# Factorising Imaginary numbers

• May 3rd 2010, 02:58 PM
zizou1089
Factorising Imaginary numbers
I am having trouble finding the poles z1 and z2 of f defined:

$f(z)=\frac{1}{2z^{2}+(6-4i)z-12i}$

Im pretty sure I have to factorise the denominator, but I keep getting the wrong answer which includes imaginary numbers, is it supposed to?
• May 3rd 2010, 06:35 PM
You get 2(z+3)(z-2i) I assume?
• May 4th 2010, 06:35 AM
zizou1089
That makes sense but how would you factorise when there's an imaginary number involved? Is there a formula of some sort??
• May 4th 2010, 06:51 AM
Tekken
Quote:

Originally Posted by zizou1089
That makes sense but how would you factorise when there's an imaginary number involved? Is there a formula of some sort??

You could use the "-b" formula if you want, i trust your familar enough with that.

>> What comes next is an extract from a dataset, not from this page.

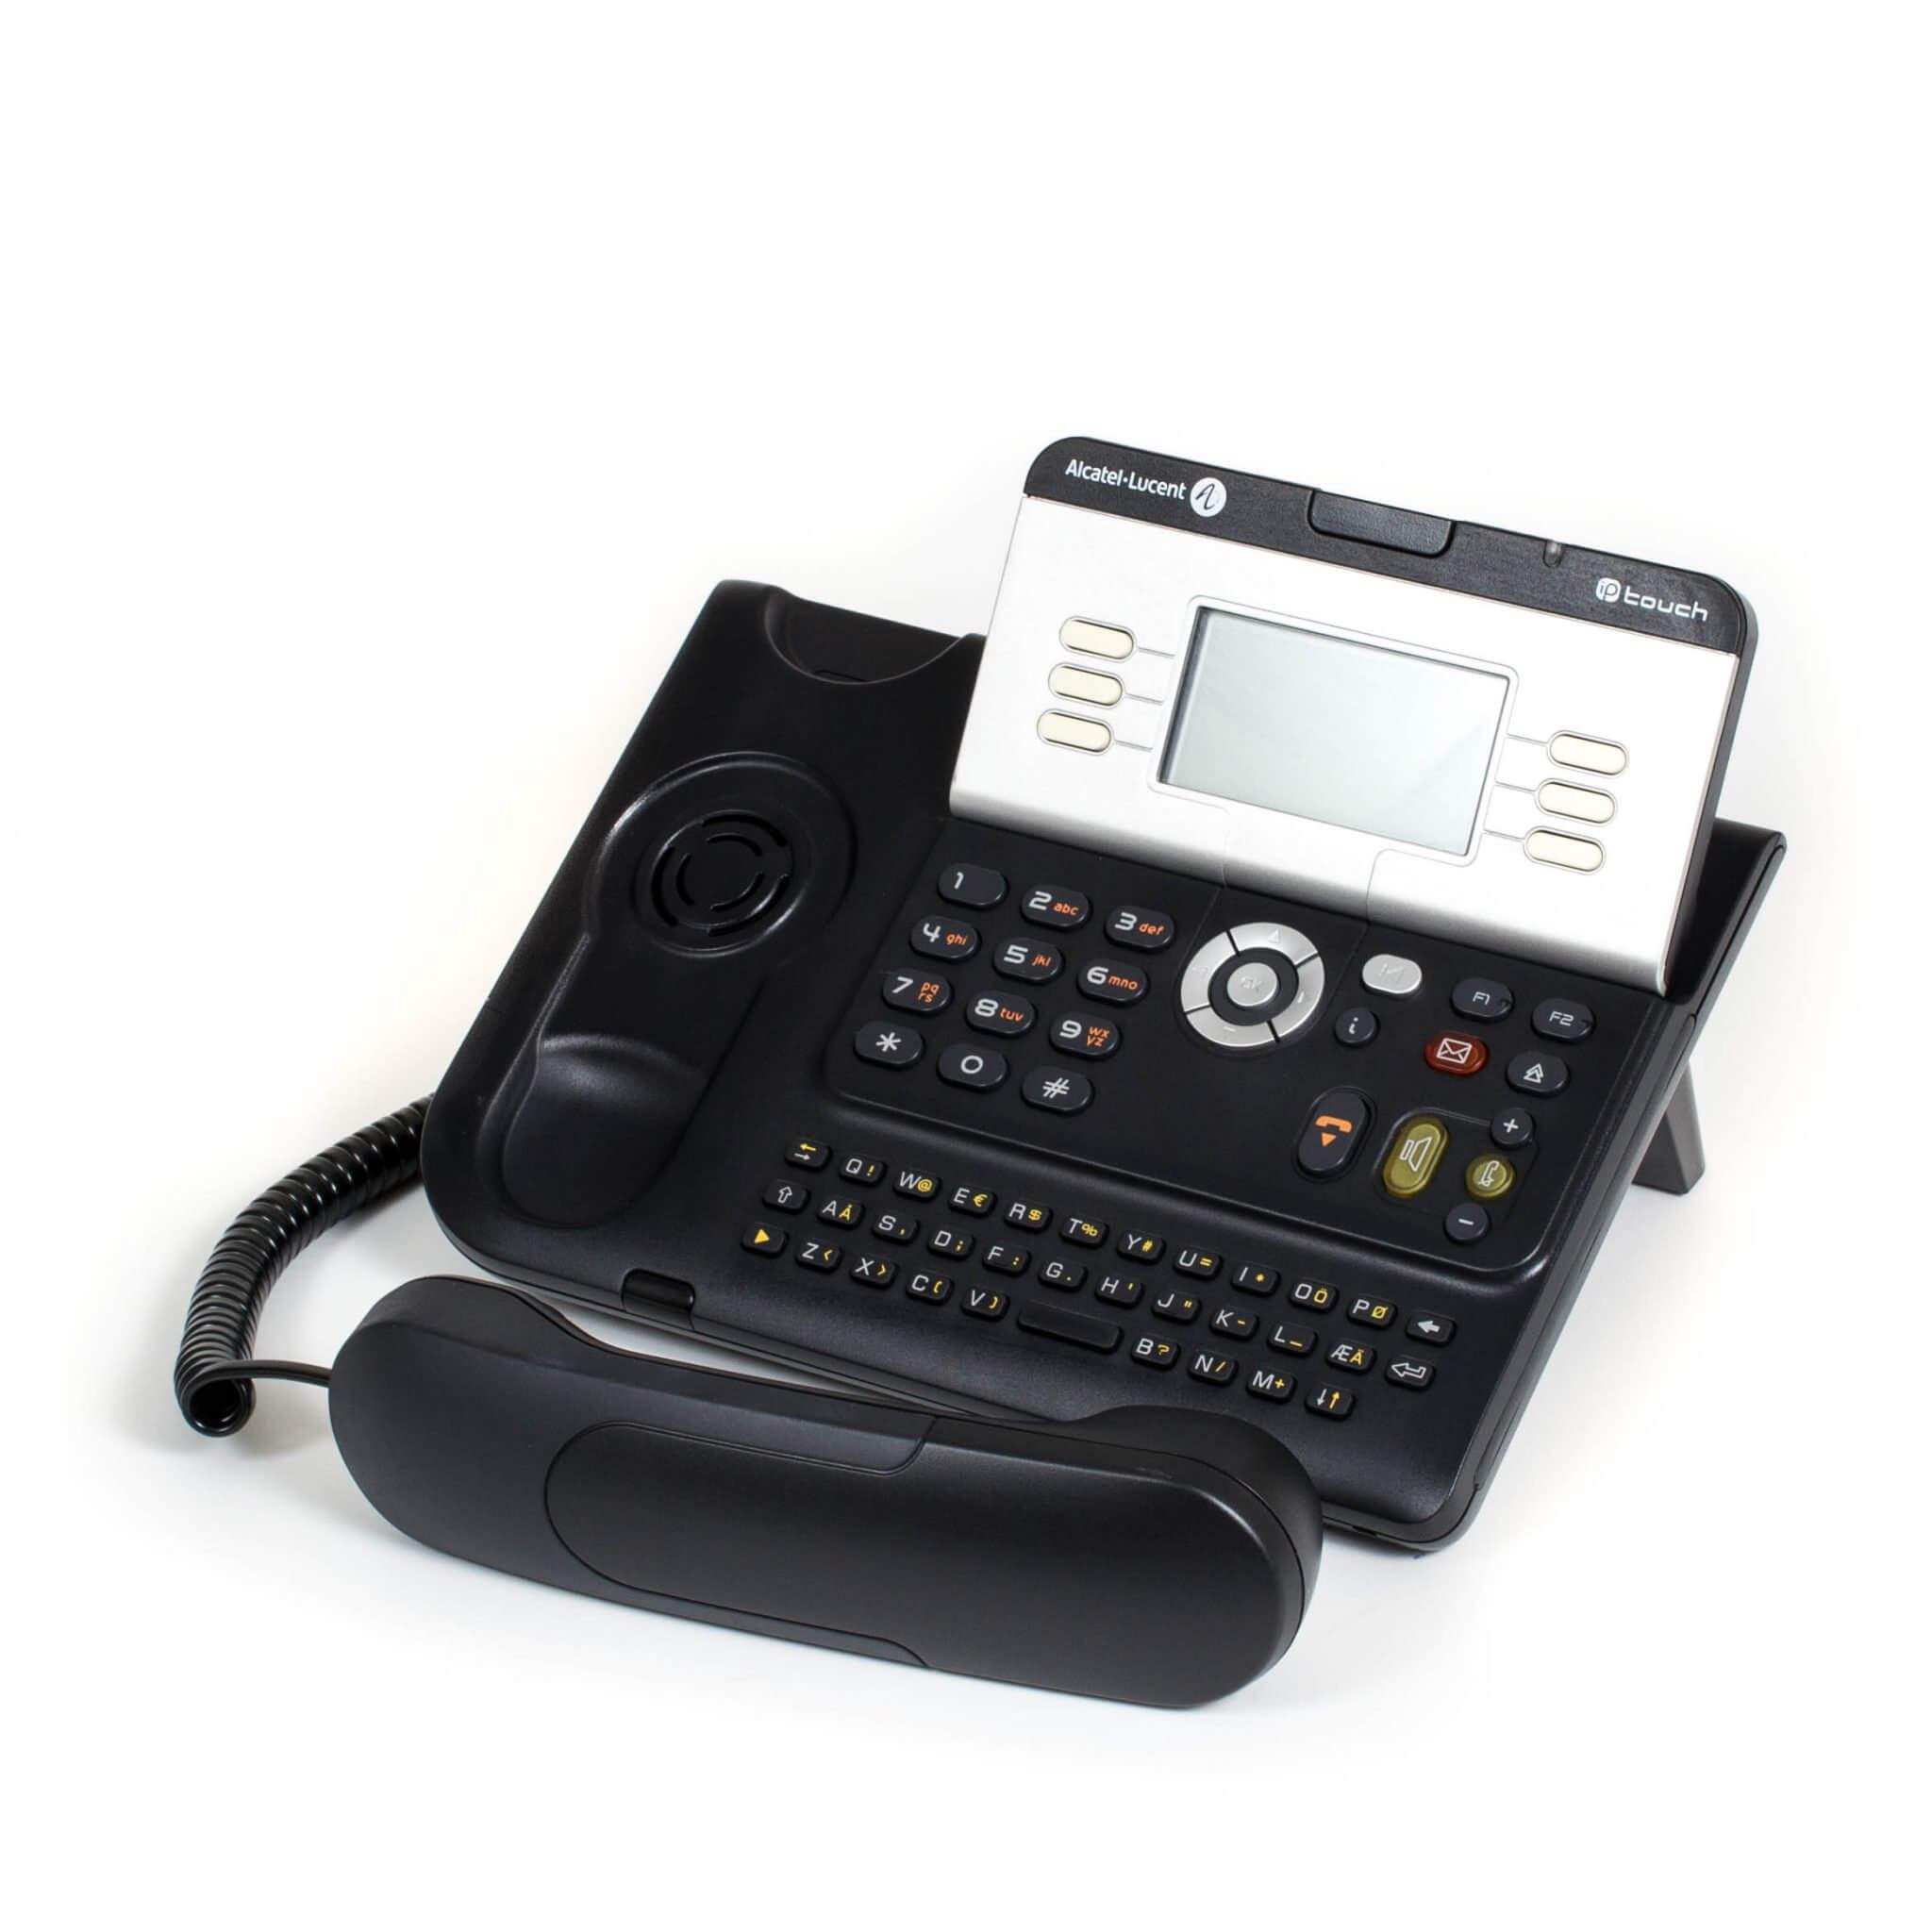 Alcatel ip 4028 manual

Assuming maddas' solution is correct $f(z)$ has poles at $2(z+3)(z-2i) = 0$ so pole at $z = -3$ and $z = 2i$

Yes it is common that in these types of problems that the poles contain imaginary numbers
• May 4th 2010, 07:08 AM
zizou1089
I tried using the '-b' formula but I get the square root of an imaginary number which I don't think should be the case..
• May 4th 2010, 09:07 AM
zizou1089
For example how would I factorise:

$(i+\frac{3}{2})z^2-2z+(i-\frac{3}{2})$